NOTE: This post is still work in progress

Five months ago (in Septembre 2020), Kaggle, together with the Laboratory for Innovation Science at Harvard (LISH), announced a very interesting Machine Learning challenge that caught my attention. The goal of this challenge was to predict the mechanism(s) of action of different compounds based on observed changes in gene expression and cell viability after treating 100 different human cancer cell lines with the durgs.

figure-1 Figure 1. A new drug is used to treat different cells, producing a different response in each cell. Gene expression and cell viability are measured before and after treatment to observe how the activity of the cells change upon perturbation.

Since this topic was closer to my research area, I thought that this would be a good opportunity to devote some free time to participate in a Kaggle challenge, something that I always wanted but I’ve never did. Unfortunately, to my surprise they anonymized the name of genes, cells and drugs, preventing any attempt of using any form of prior biological knowledge. I decided to participate anyway and I don’t regret it, as I learned some interesting things along the way. However, I was left with the feeling that much more could have been done, since all the models sent to the challenge are just black boxes from which you can’t get much out of them.

Now that the competition is over and some additional metadata was released (which is great!), I decided to write a few posts about this challenge. In this post, I will introduce this interesting problem and I will show how to do some exploratory analysis with Python and Pandas on the annotated dataset. For this purpose, I prepared a notebook and a GitHub repository with the script to produce a single annotated csv file ready to be analyzed.

In a second post, I will focus more on the whole Kaggle competition itself and I will focus on how to develop a Deep Neural Network with Tensorflow and Keras classification problem.

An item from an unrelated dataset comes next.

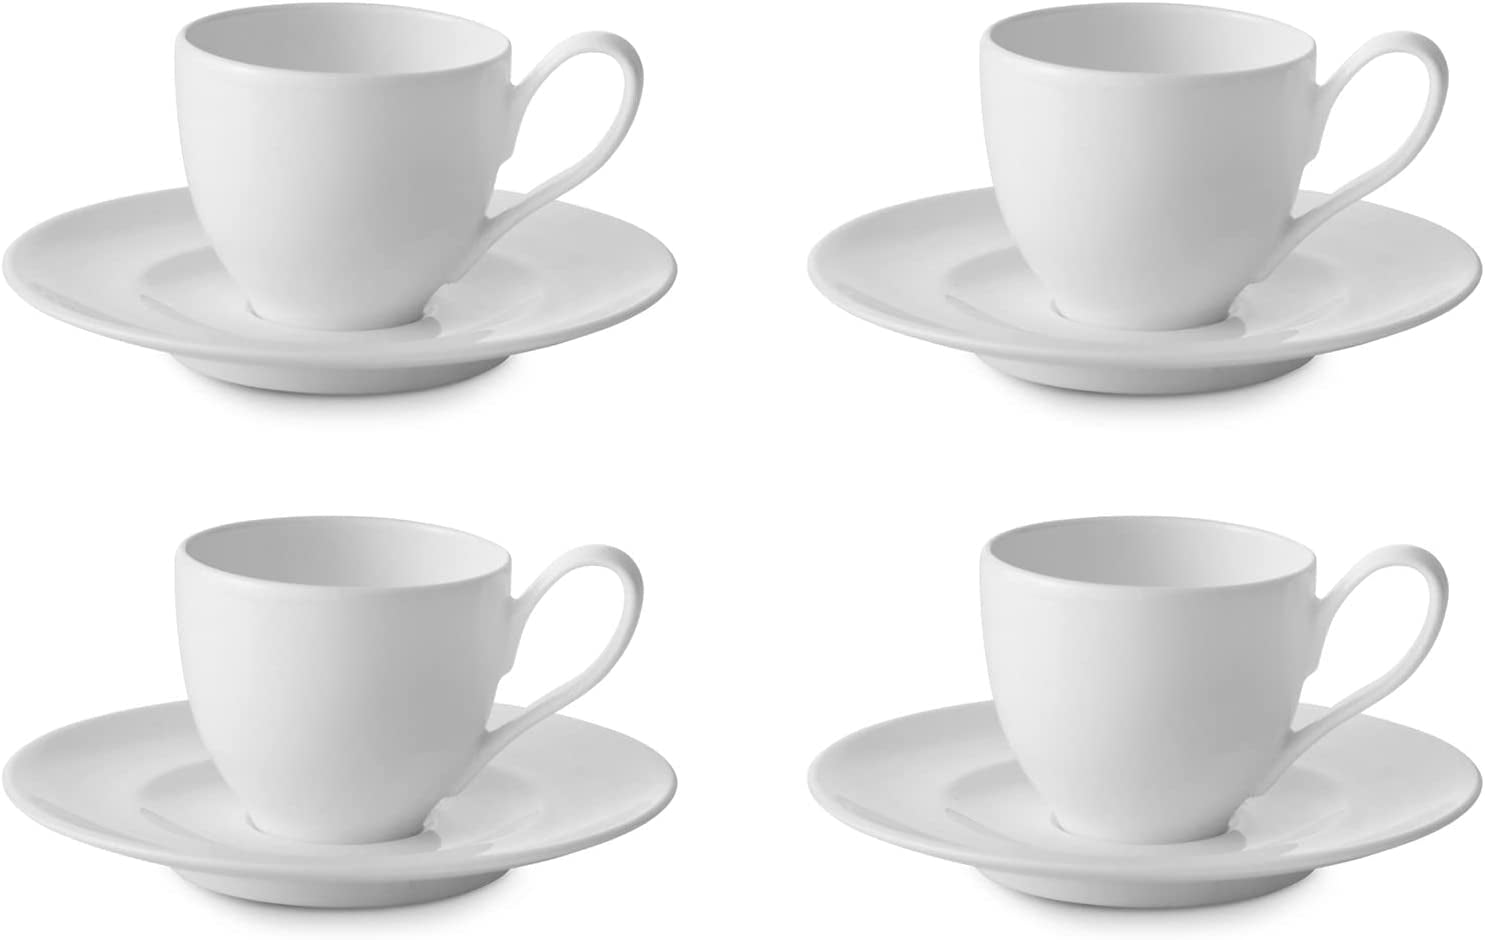 KIVY 3 oz Espresso Cups Set of 4 - Italian Style Espresso Cups and Saucers - Stoneware Espresso Cup Set - Expresso Shots Cup - Espresso Mugs

Mechanisms of Action (MoA)

The aim of this challenge was to predict the mechanism of action of different compounds (how they work, biologically speaking) based on their biological activity on different cells. But what’s a Mechanism of Action? Let’s take for example Ibuprofen, a very well known, worldwide used anti-inflammatory drug.

figure-2 Figure 2. Example of the Mechanism of Action of the Ibuprofen. Image taken from PharmaGKB (License CC BY-SA 4.0)

The figure above shows the mechanism of action of this drug. Ibuprofen, as many other non-steroid anti-inflammatory drugs (known as NSAIDs), produce an anti-inflammatory response by inhibiting the cyclooxigenase enzyme (PTGS1 and PTGS2 genes in the figure). This enzyme is responsible of the formation of prostaglandins from arachidonic acid (an omega-6 fatty acid). Prostaglandins are lipid compounds that produce different effects in the body, including inflammatory responses. By inhibiting the cyclooxigenase enzymes, the production of different prostaglandins is reduced, thereby reducing the normal inflammatory response. This is an example of a MoA.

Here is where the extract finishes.